Data below section start

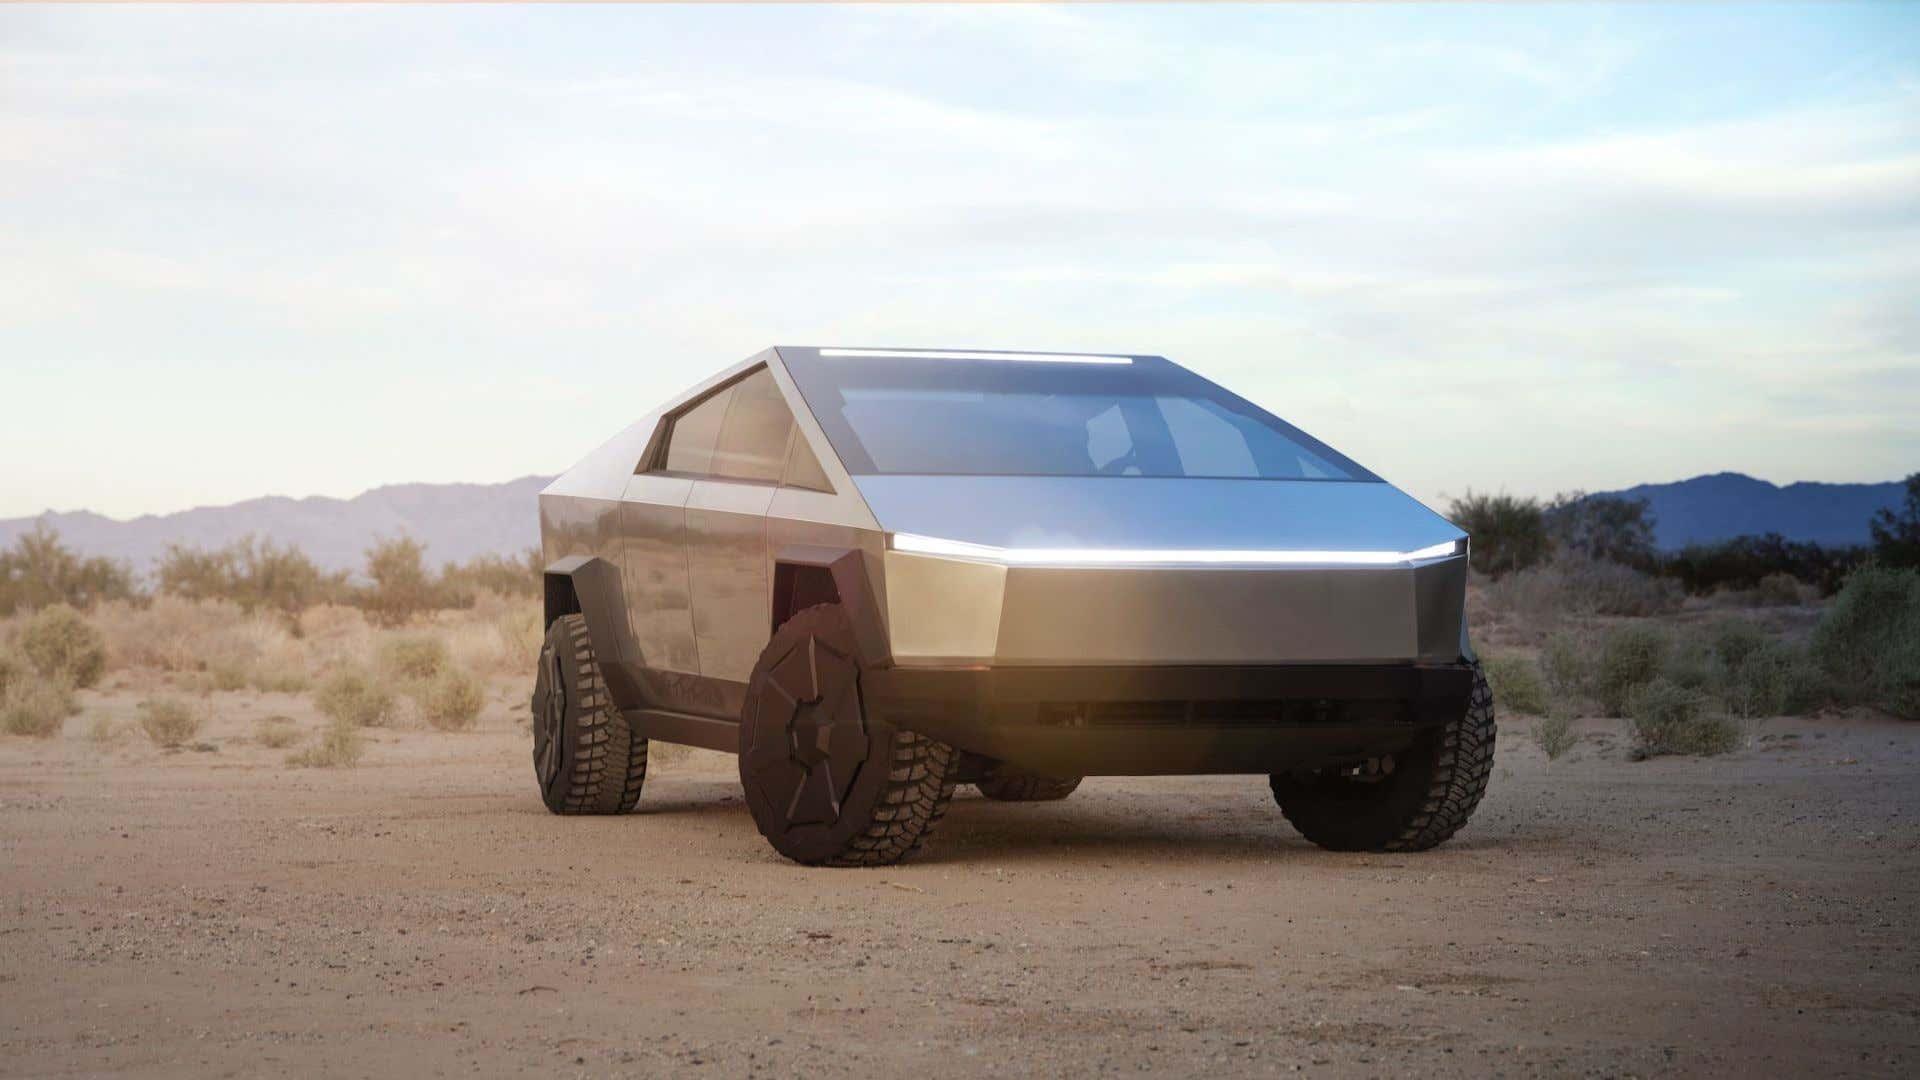 Tesla's controversial Cybertruck
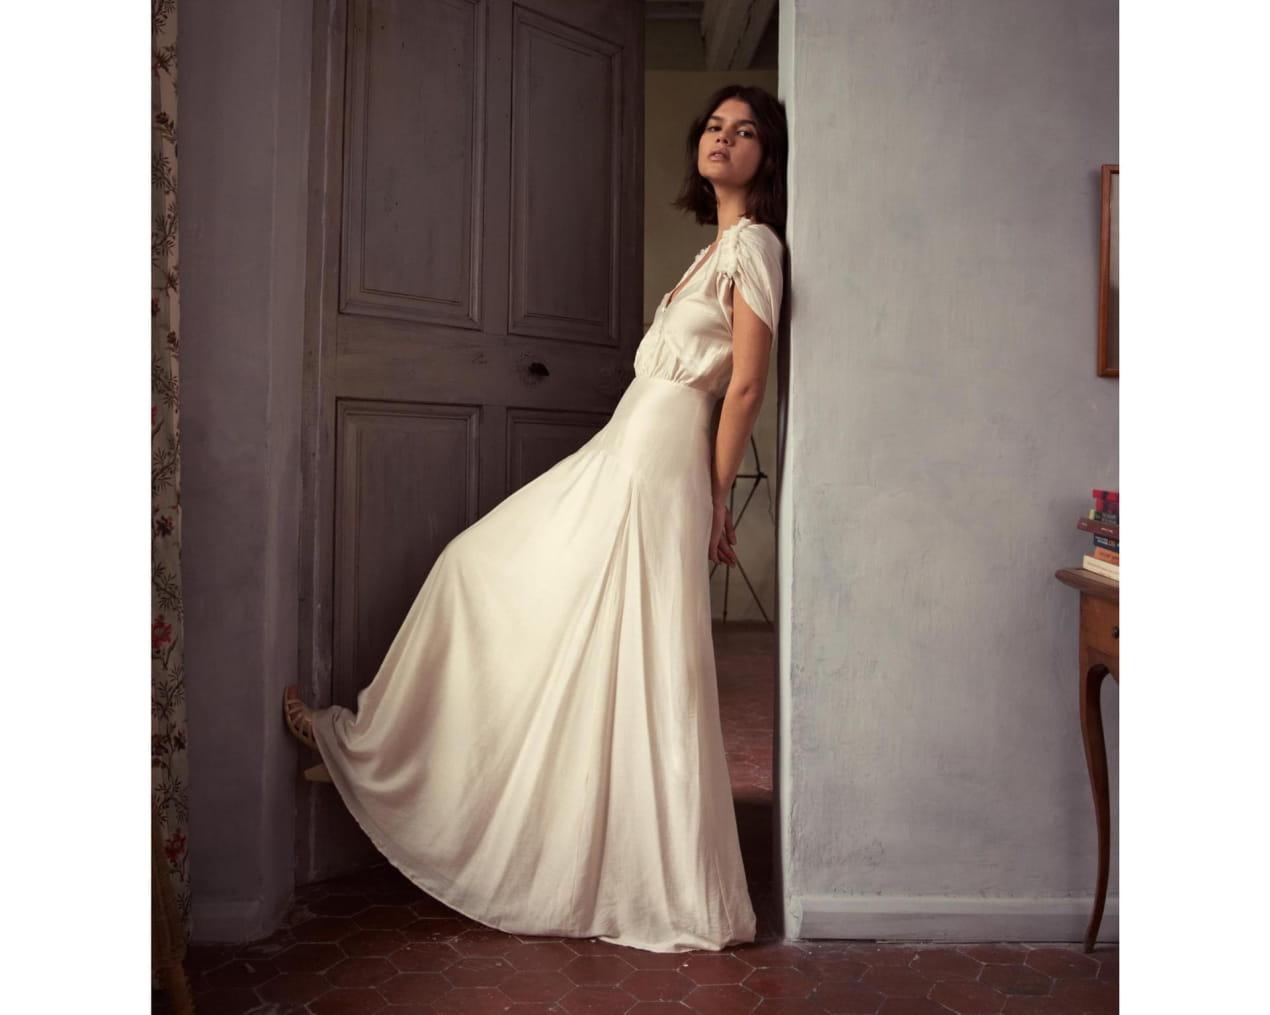 femme-debout-adossée-mur-robe-blanche-longue
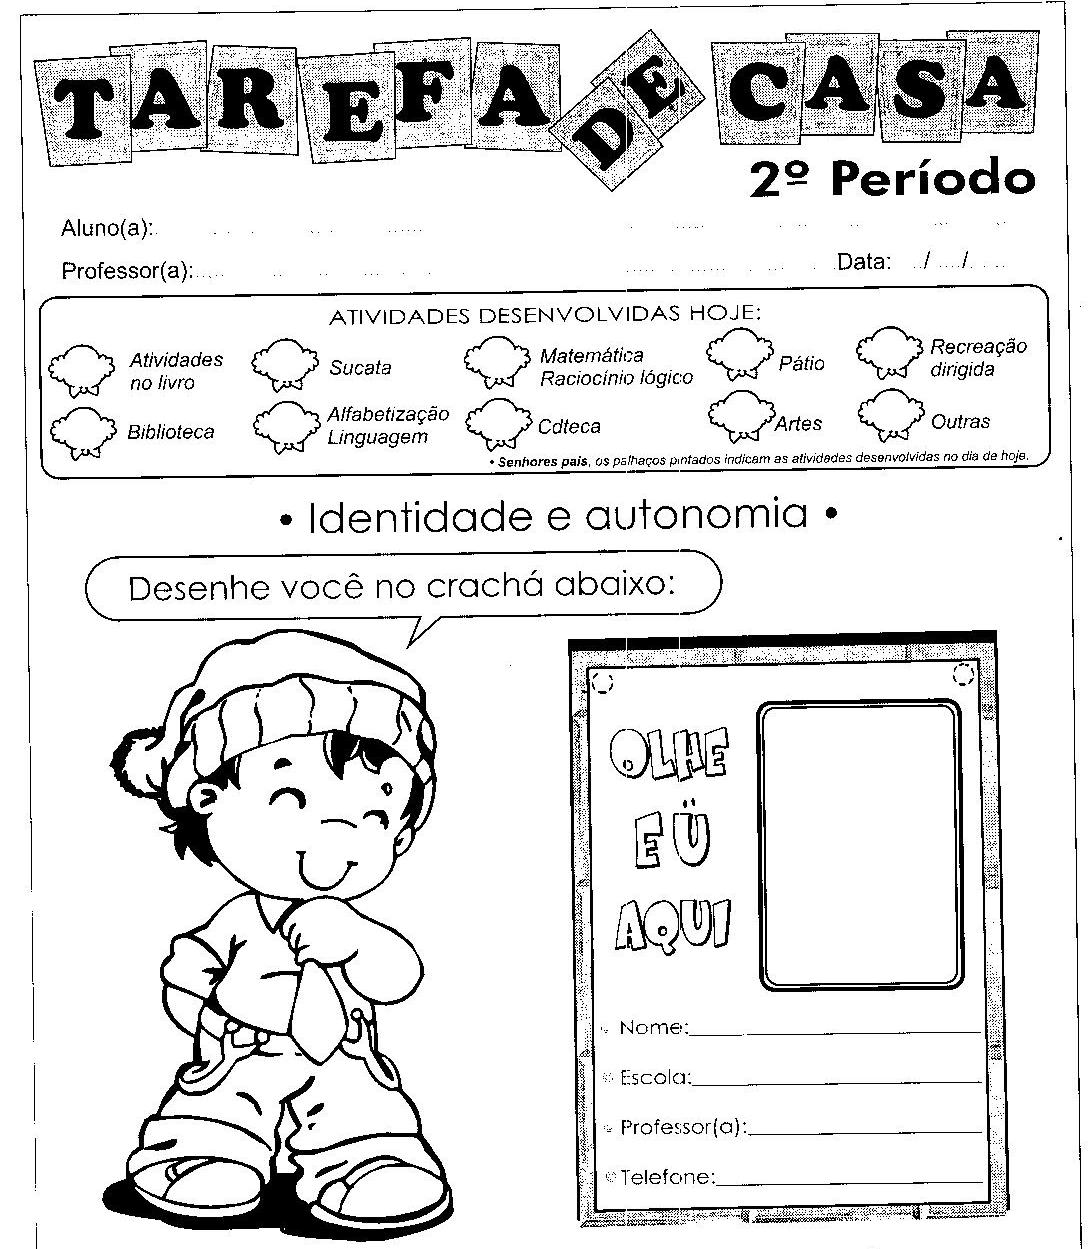 atividades horta pomar jardim educacao infantil:Postado por Roberta Maria Damasceno às 18:15 1 comentários
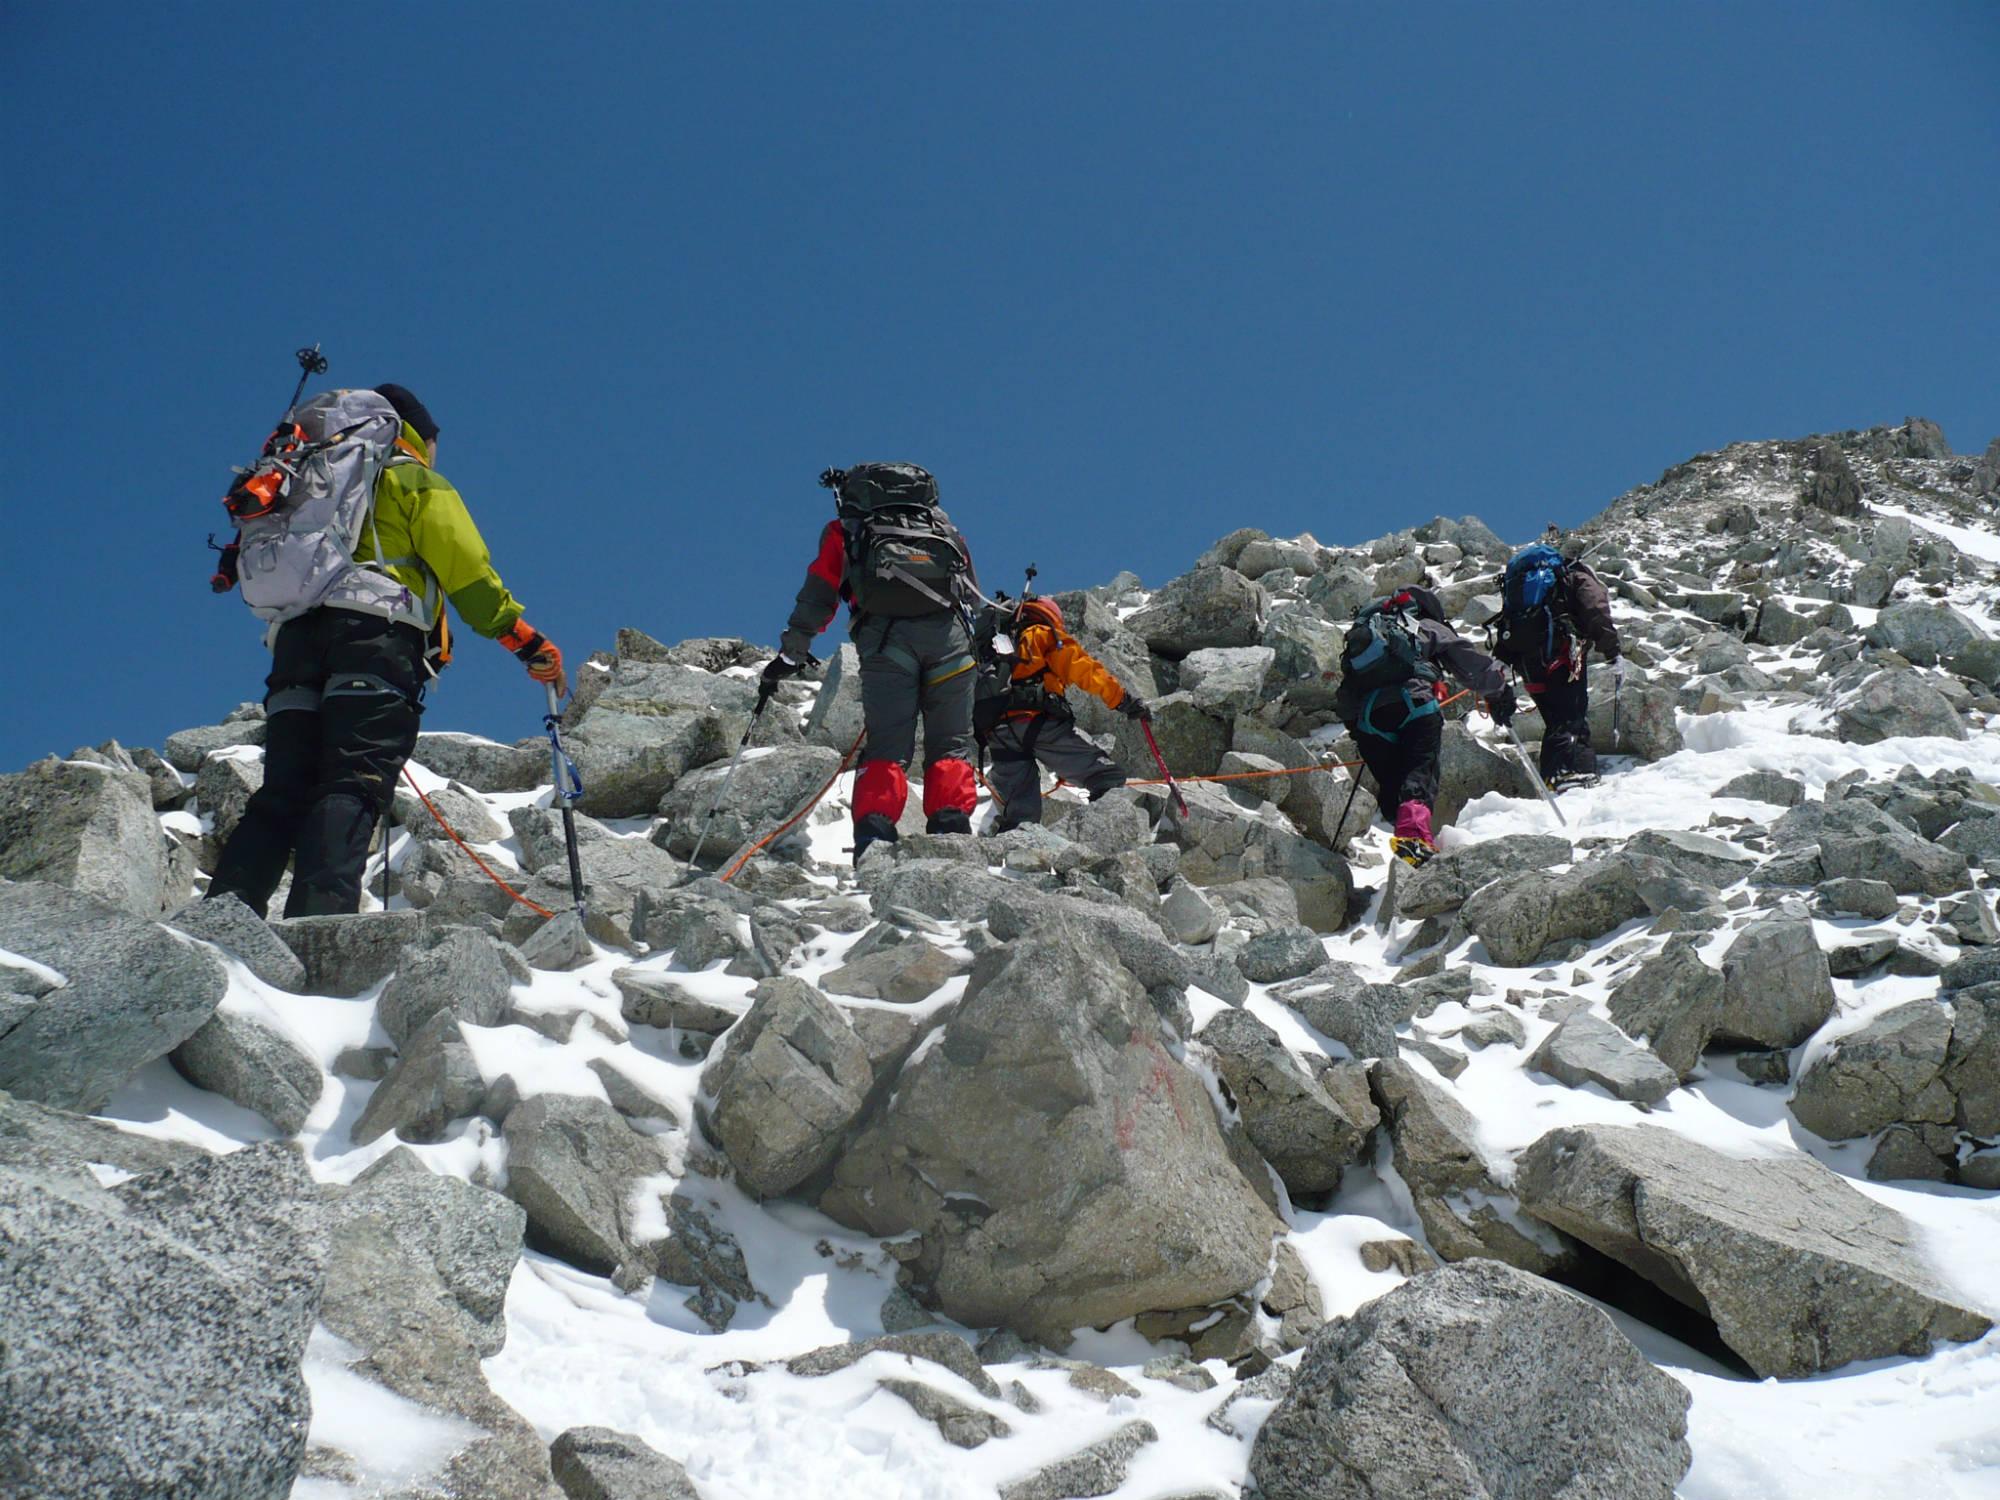 「ヒマラヤ6,000m峰・アイランドピーク」シミュレーション登山

Data below section end

> _What the task asks_: What you return must match the data above exactly, with no images included.

> _Written solution_:
 Tesla's controversial Cybertruck
 femme-debout-adossée-mur-robe-blanche-longue
 atividades horta pomar jardim educacao infantil:Postado por Roberta Maria Damasceno às 18:15 1 comentários
 「ヒマラヤ6,000m峰・アイランドピーク」シミュレーション登山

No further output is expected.